REQUIREMENT: Exactly as written, retype the lines that run from the line holding "Branding for campaign" through the end of the records below. Do not include pictures.

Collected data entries

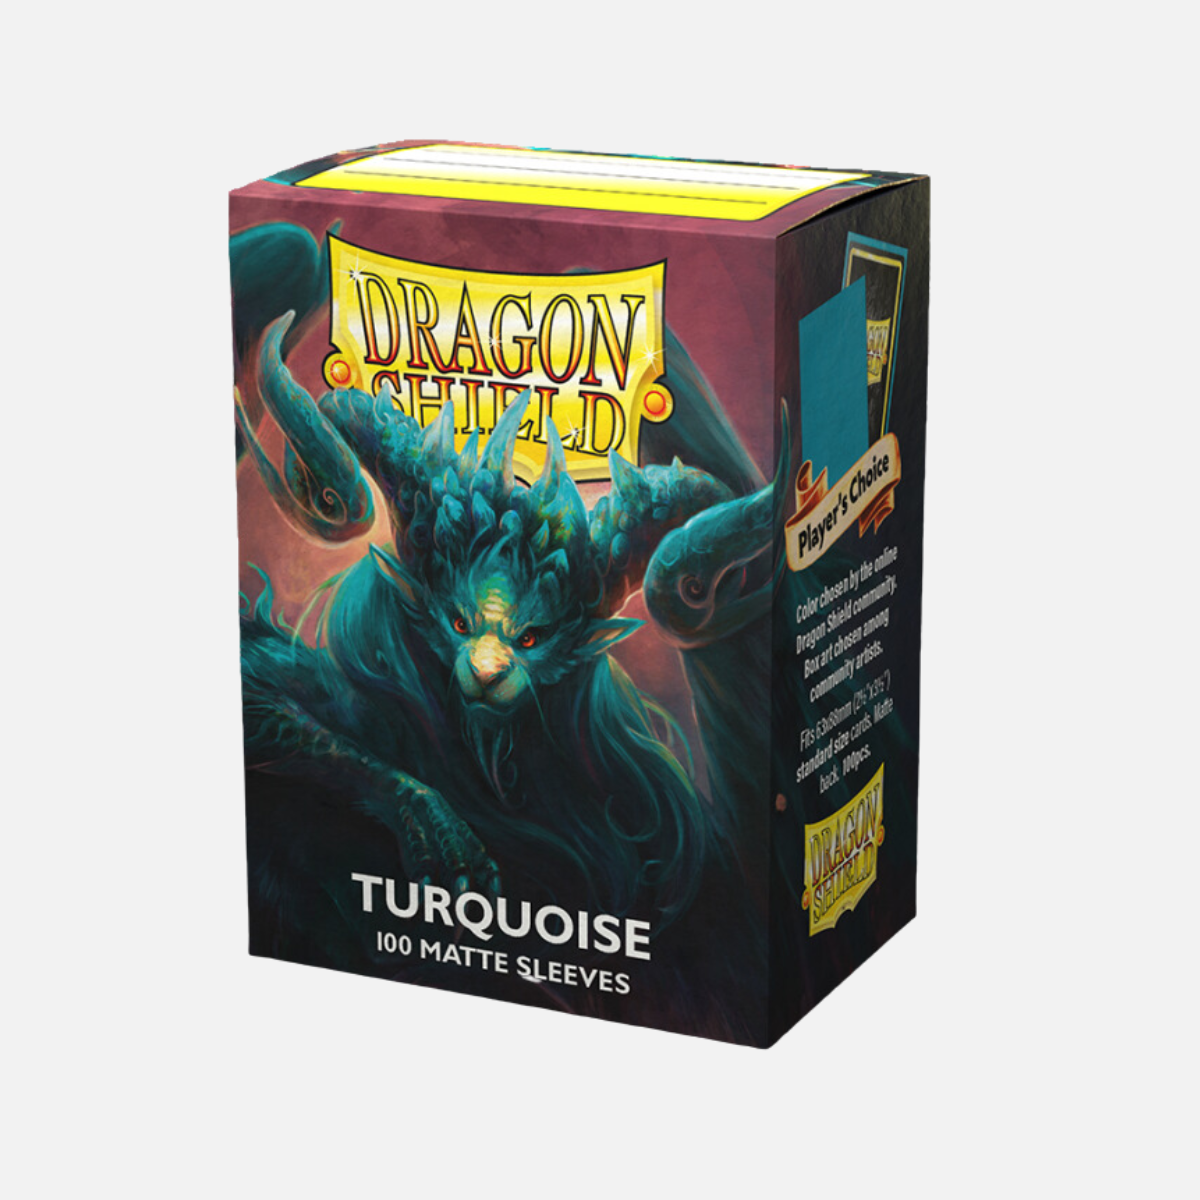 Dragon Shield card sleeves box of 100 turquoise matte
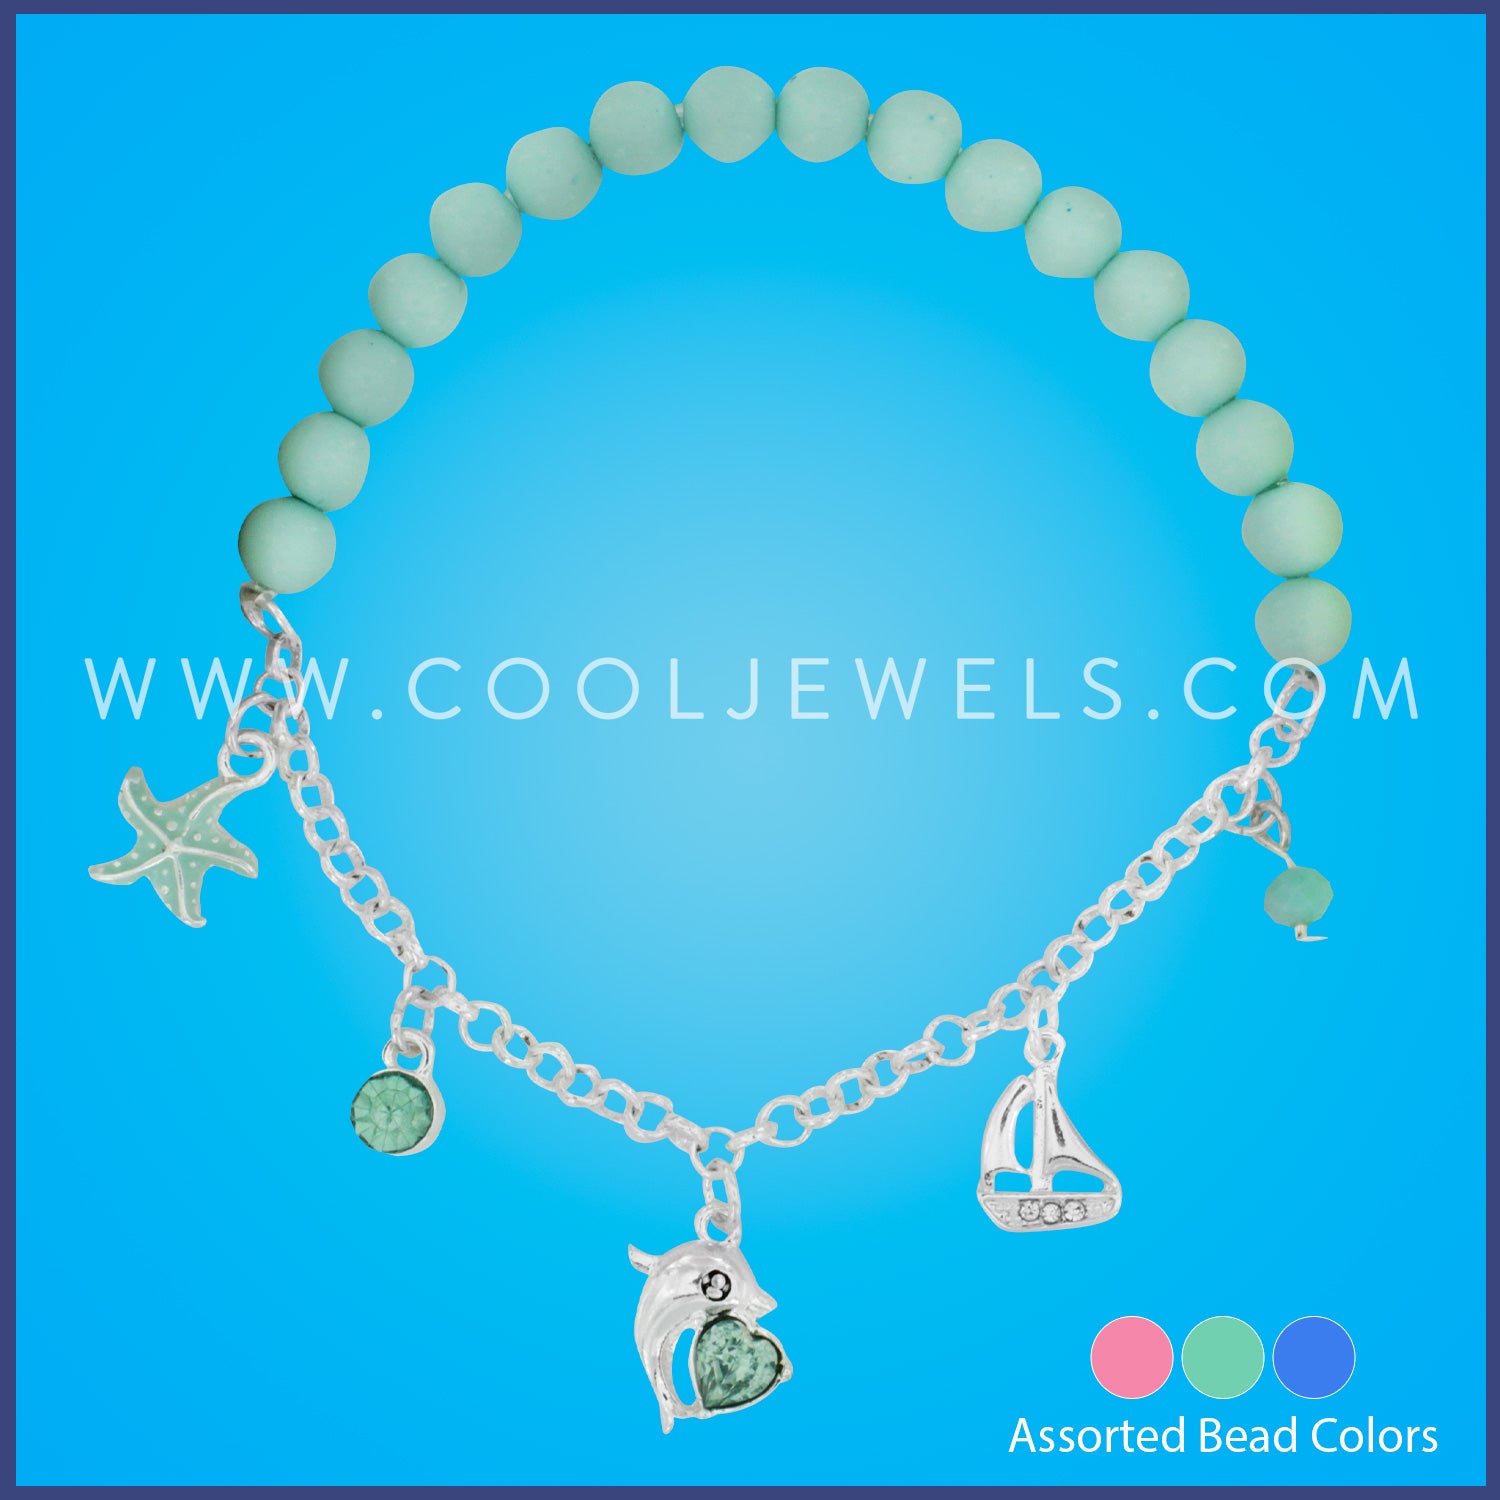 BEADED STRETCH & CHAIN BRACELET WITH SEALIFE CHARMS - ASSORTED
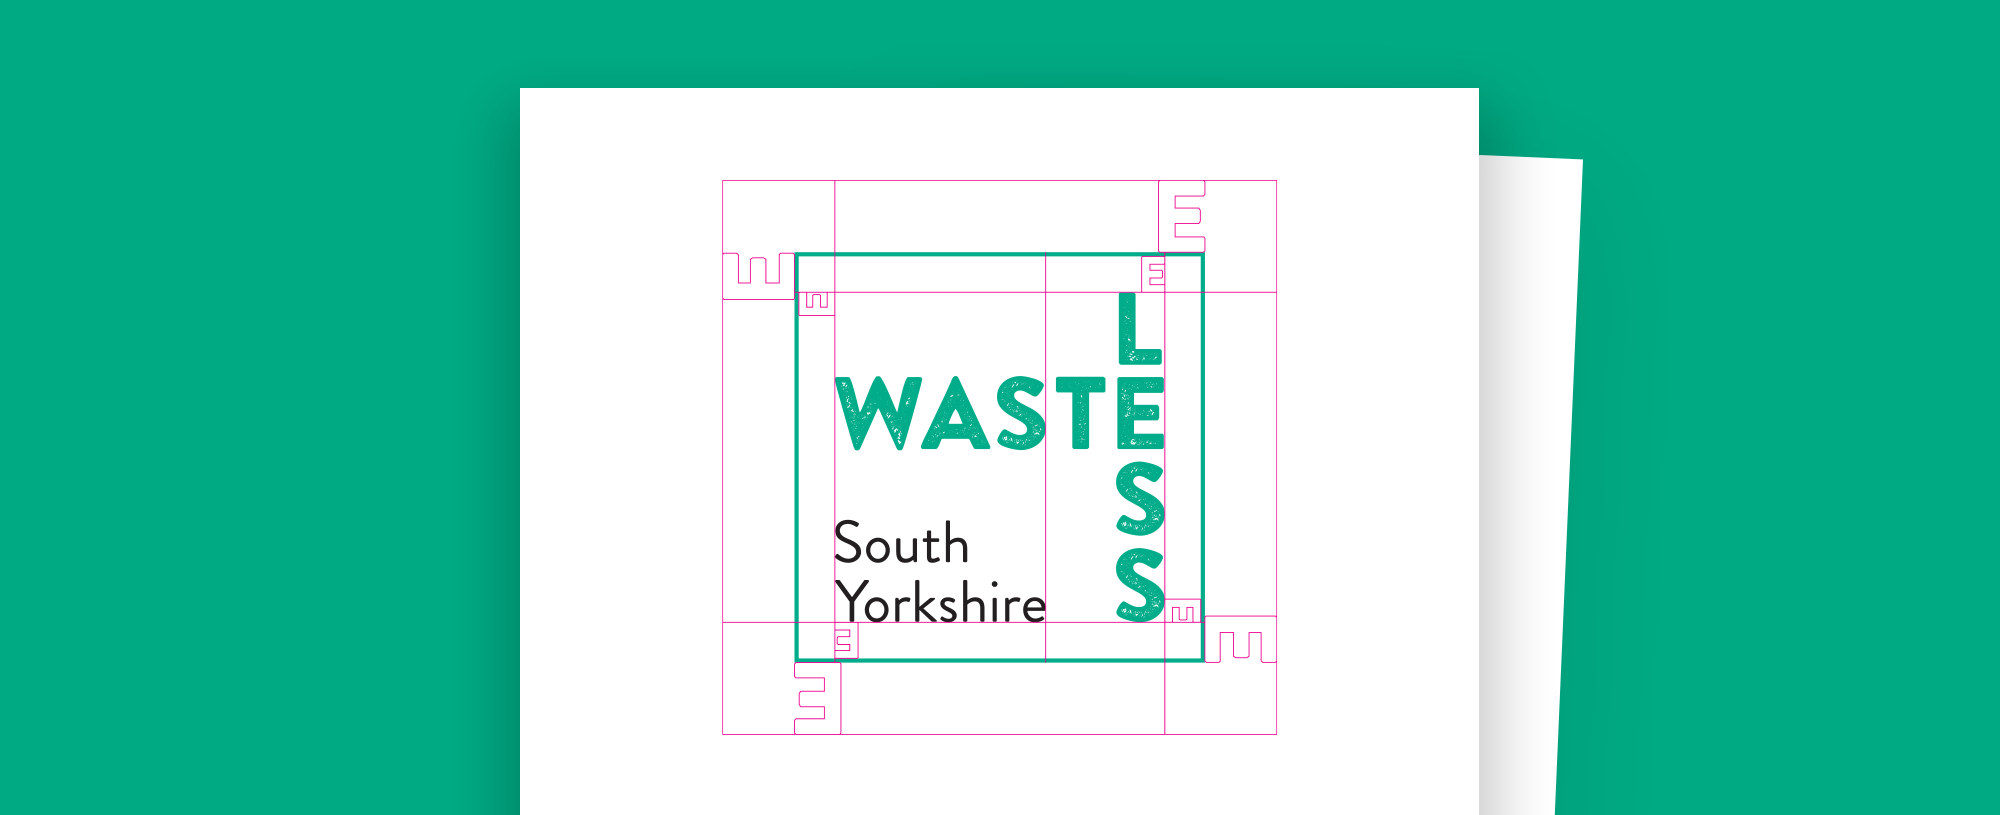 Branding for campaign to reduce waste across South Yorkshire
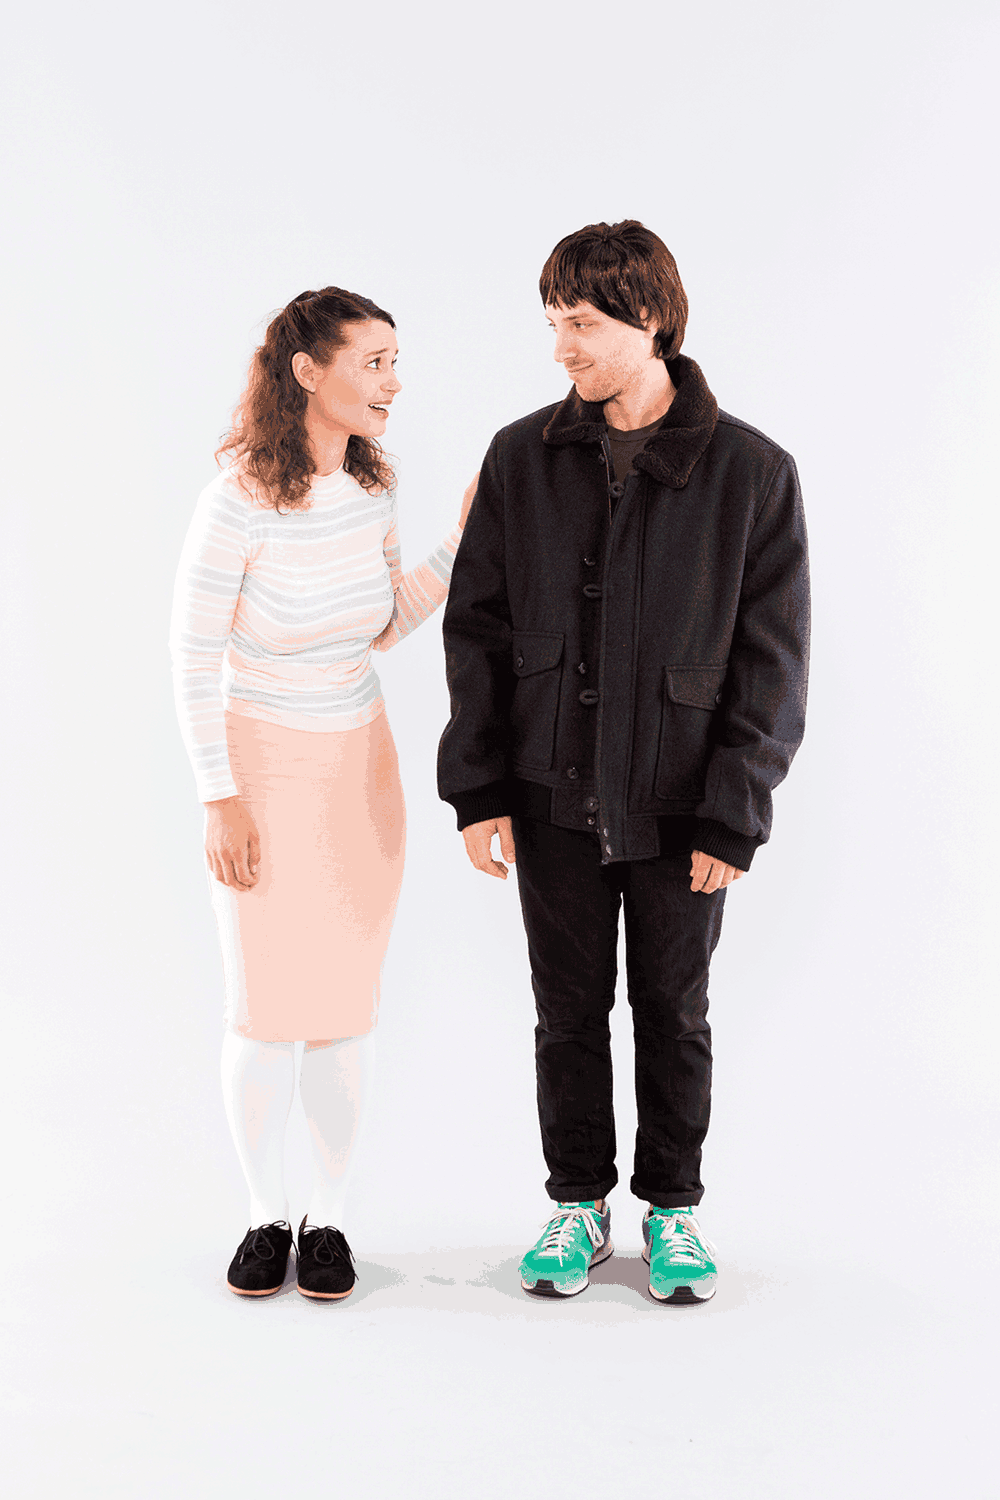 Nancy and Jonathan from Stranger Things costume
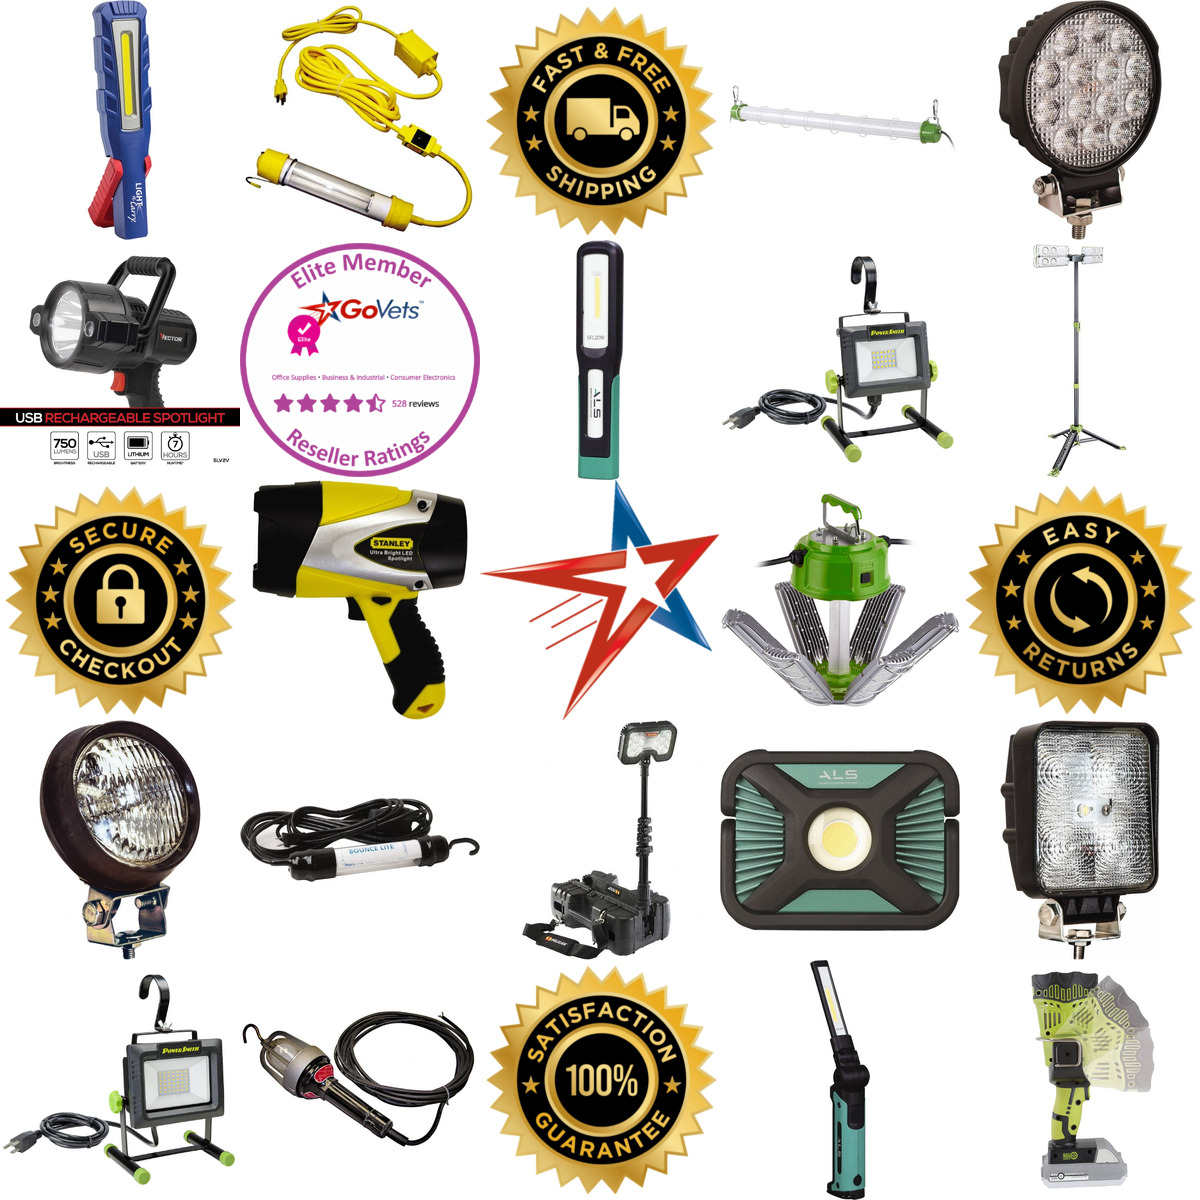 A selection of Garage Lighting products on GoVets

FINAL ANSWER:
 Branding for campaign to reduce waste across South Yorkshire
 Nancy and Jonathan from Stranger Things costume
 A selection of Garage Lighting products on GoVets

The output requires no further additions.